The story Caana, the Sky Palace, and the war that humbled Tikal
Caracol was the political and economic capital of one of the largest Maya kingdoms of the Classic Period. At its peak around 700 AD it sprawled over 200 square kilometers and supported roughly 100,000 people — more than the entire current population of Belize City. The marquee structure is Caana, "Sky Palace," a single stepped platform crowned by three temples that rises 43 meters (140 feet). It remains the tallest man-made structure in the country, and you can climb it to the top.
The site's defining moment is carved into Stela 3: in AD 562 Caracol defeated its great rival Tikal in battle, then dominated regional politics for over a century. Decades of excavation by the Belize Archaeological Project since 1985 have turned its 18 stelae and hundreds of inscriptions into a key to decoding Maya hieroglyphic writing.

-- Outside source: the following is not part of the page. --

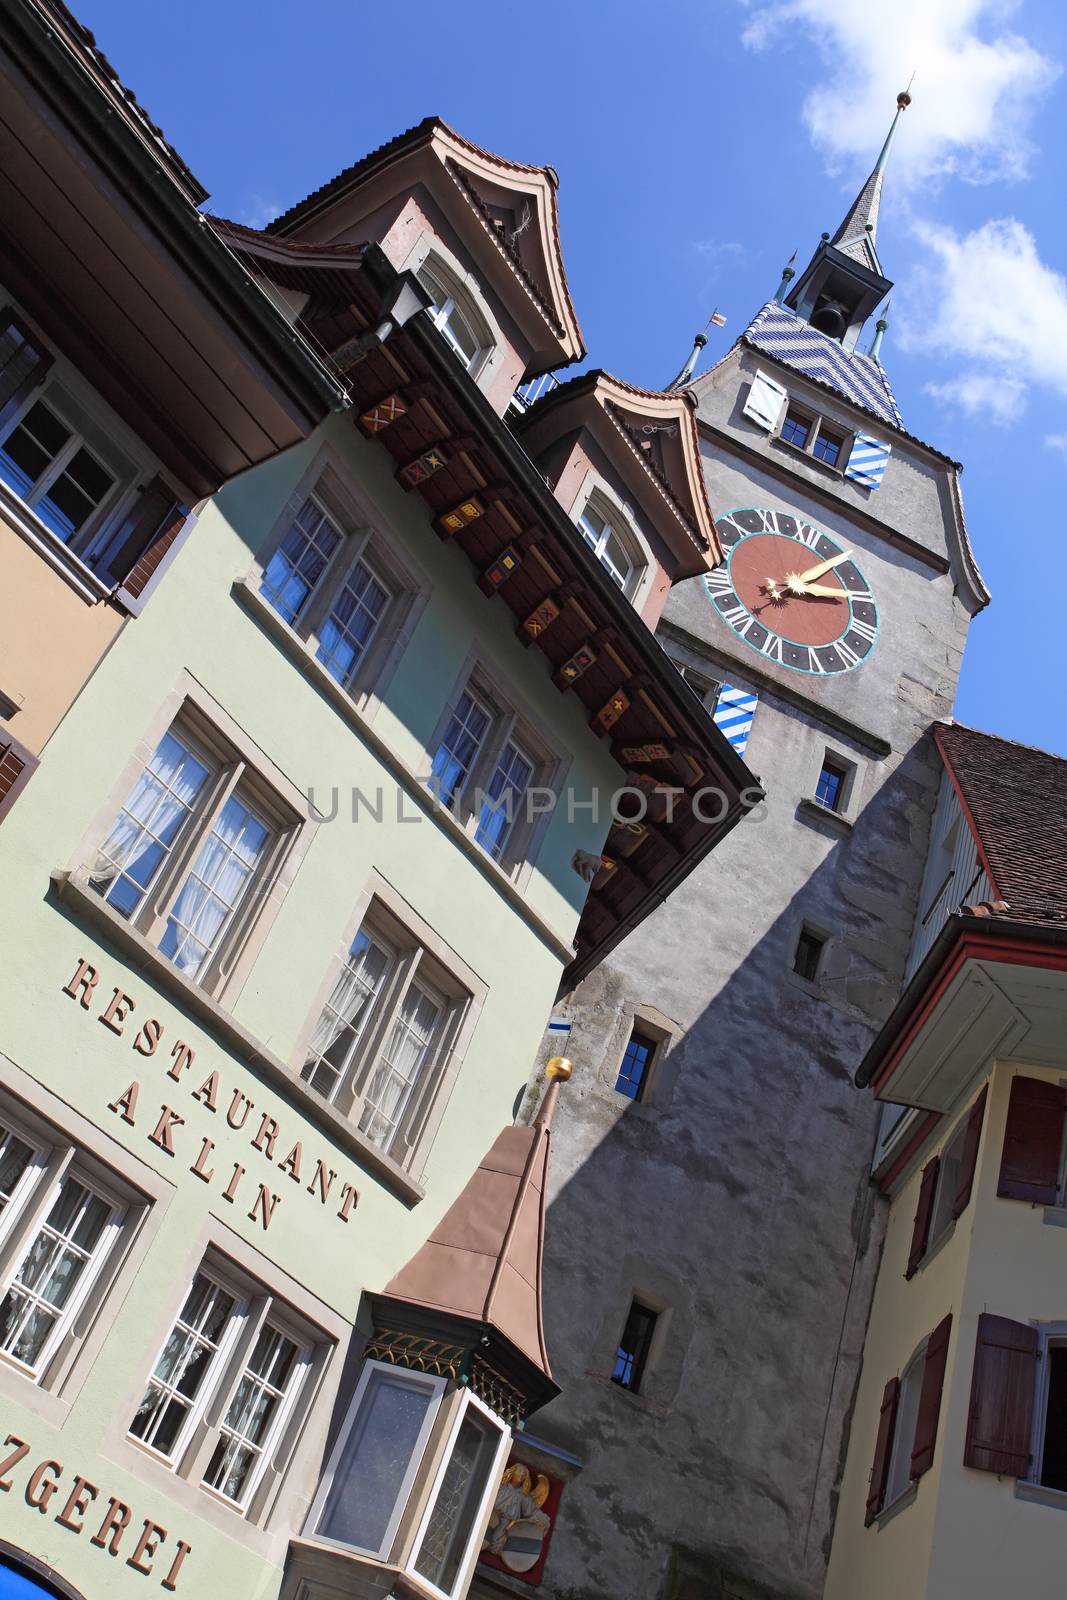 Zytturm clocktower in the city of Zug in Switzerland. Photo taken May 3, 2012.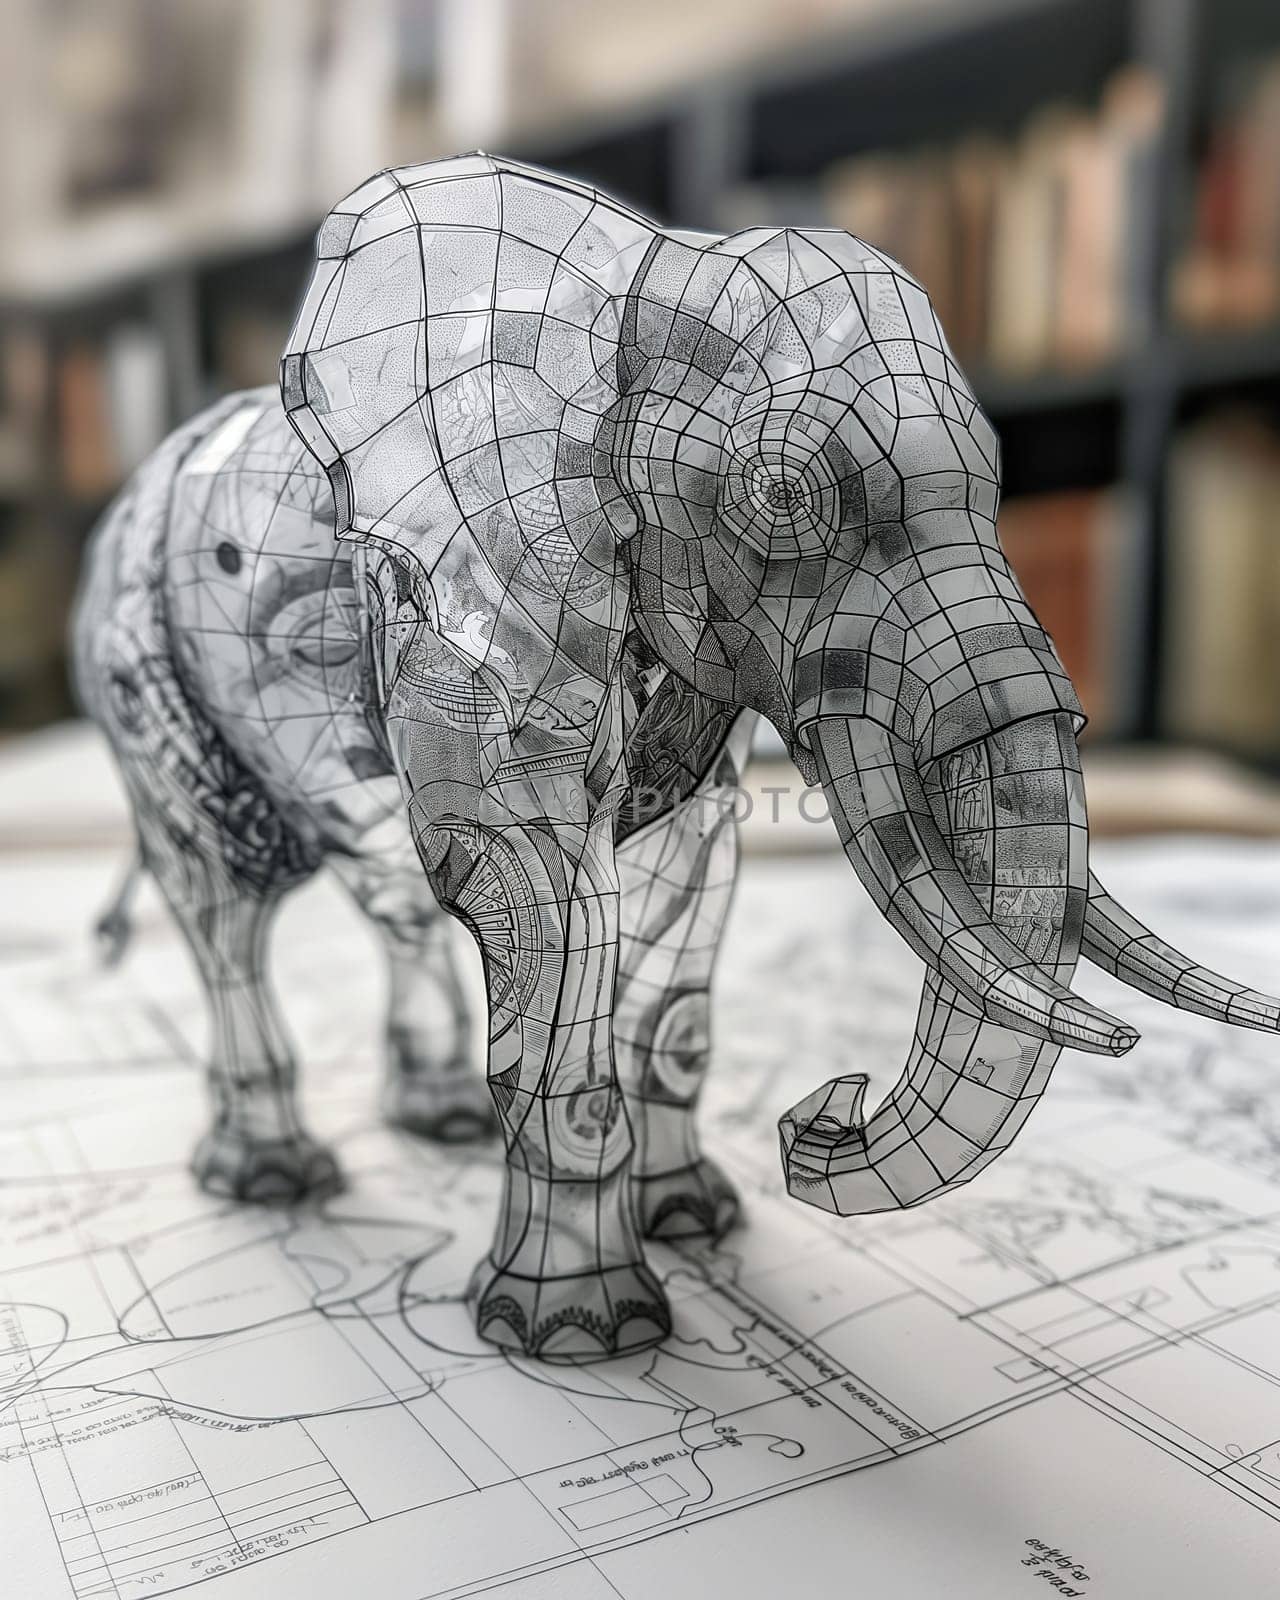 Wireframe Elephant Design in Modern Office. by Fischeron

What makes a visit different is the setting. Caracol sits deep in the Chiquibul Forest Reserve near the Guatemala border, and almost no one comes — about 15,000 visitors a year against 60,000-plus at Xunantunich. You climb 226-plus identified structures' worth of ruins in near solitude, with jungle canopy in every direction from the top of Caana.
Caana still rises 43 meters out of the Chiquibul jungle — the tallest man-made structure in Belize, more than a thousand years after the last stone was set.